The size of the global LNGC fleet remains on a strong upward trajectory, with about 48 new builds being delivered in 2021 and just over 30 in 2022, according to SSY data, alleviating tanker shortages. As a result, SSY sees a very bearish market for LNGCs in the second and third quarters.
Nonetheless, prices for spot LNG are likely to remain stronger than last year, owing to the lagged effect of restocking in Asian markets. Just as a warm winter adds to price weakness in the summer months, due to limited storage restocking demand, a cold winter provides additional price support as tanks are refilled.

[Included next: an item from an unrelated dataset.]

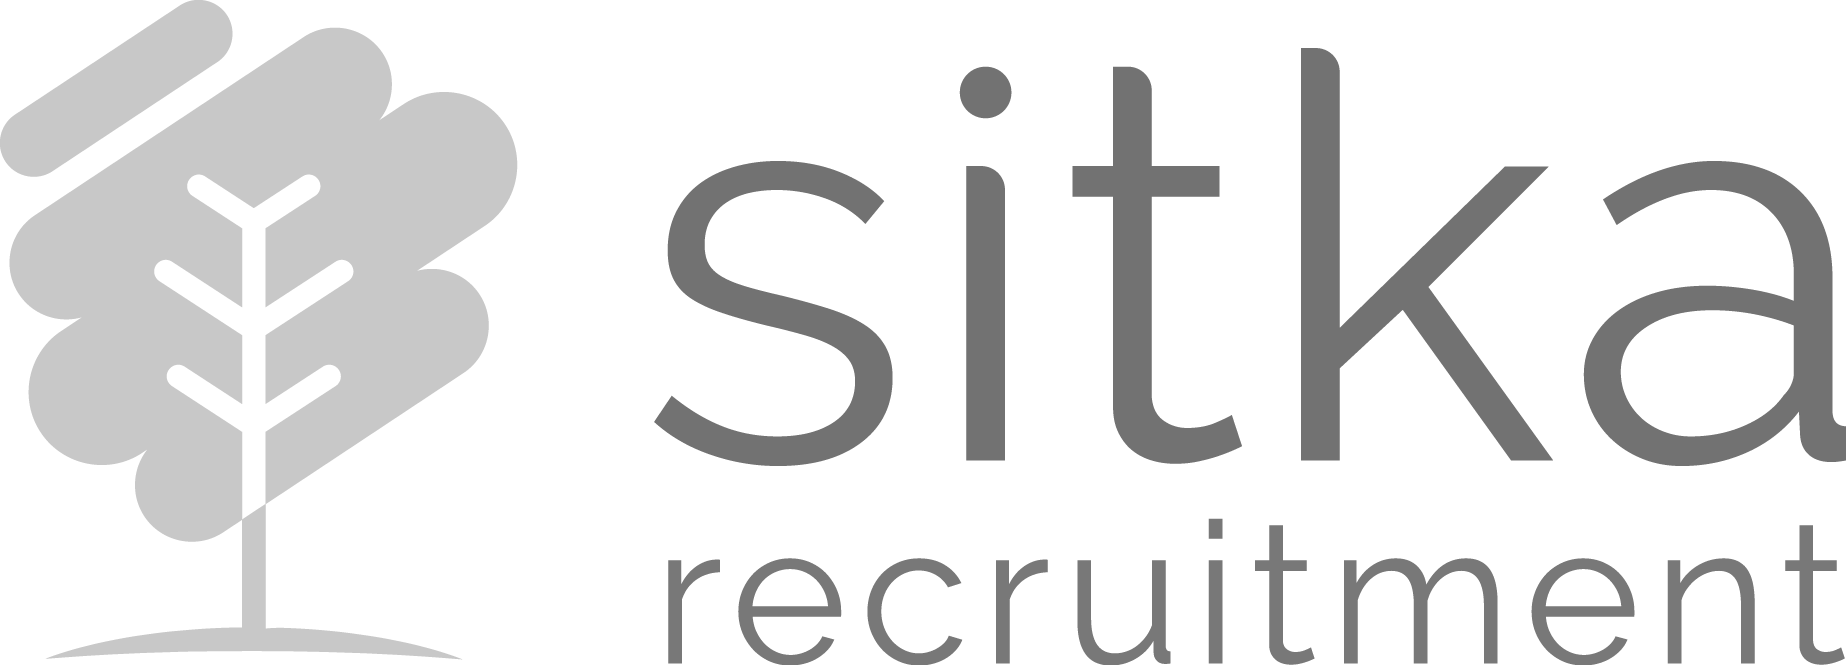 sitka recruitment logo

However, much depends on the expected rebound in demand as economies recover from the pandemic. The start of mass vaccination programmes is clearly positive, but many European countries and the US started the year experiencing the highest death tolls yet from Covid-19 and a new round of lockdowns which will adversely affect their economies and retard any recovery in gas demand.
The prospects in Asia remain brighter, owing to strong policy support for gas in China and India and the continued addition of both LNG import capacity and internal gas distribution infrastructure in both countries. In addition, other developing Asian nations will gradually see planned LNG-to-power chains come into being, boosting LNG demand in countries such as Pakistan, Bangladesh and new markets like Vietnam.
According to the International Energy Agency, global LNG trade will reach 585bn m3 by 2025, up 21% compared with 2019, but this, it said in June last year, is still a rate below LNG production capacity additions, suggesting an oversupplied market still in the process of gradual rebalancing. In turn, this implies a continuation of relatively low prices, but increasing potential for volatility.
However, risk consultants Timera Energy do see fundamental market tightening significantly over the next four years, as a result of net demand growth. They hold a positive outlook for 2021, owing to pent up demand, economic re-opening post-pandemic and strong fiscal stimuli to get economies back to work.
They project that non-European LNG demand growth will outstrip LNG production growth each year from 2021 to 2024, with the balance changing in 2025, when new Qatari production starts to come on-stream. As a result, they forecast higher absolute price levels than in the period 2016-2020, higher regional price spreads and enhanced volatility with Asia pulling more gas away from Europe.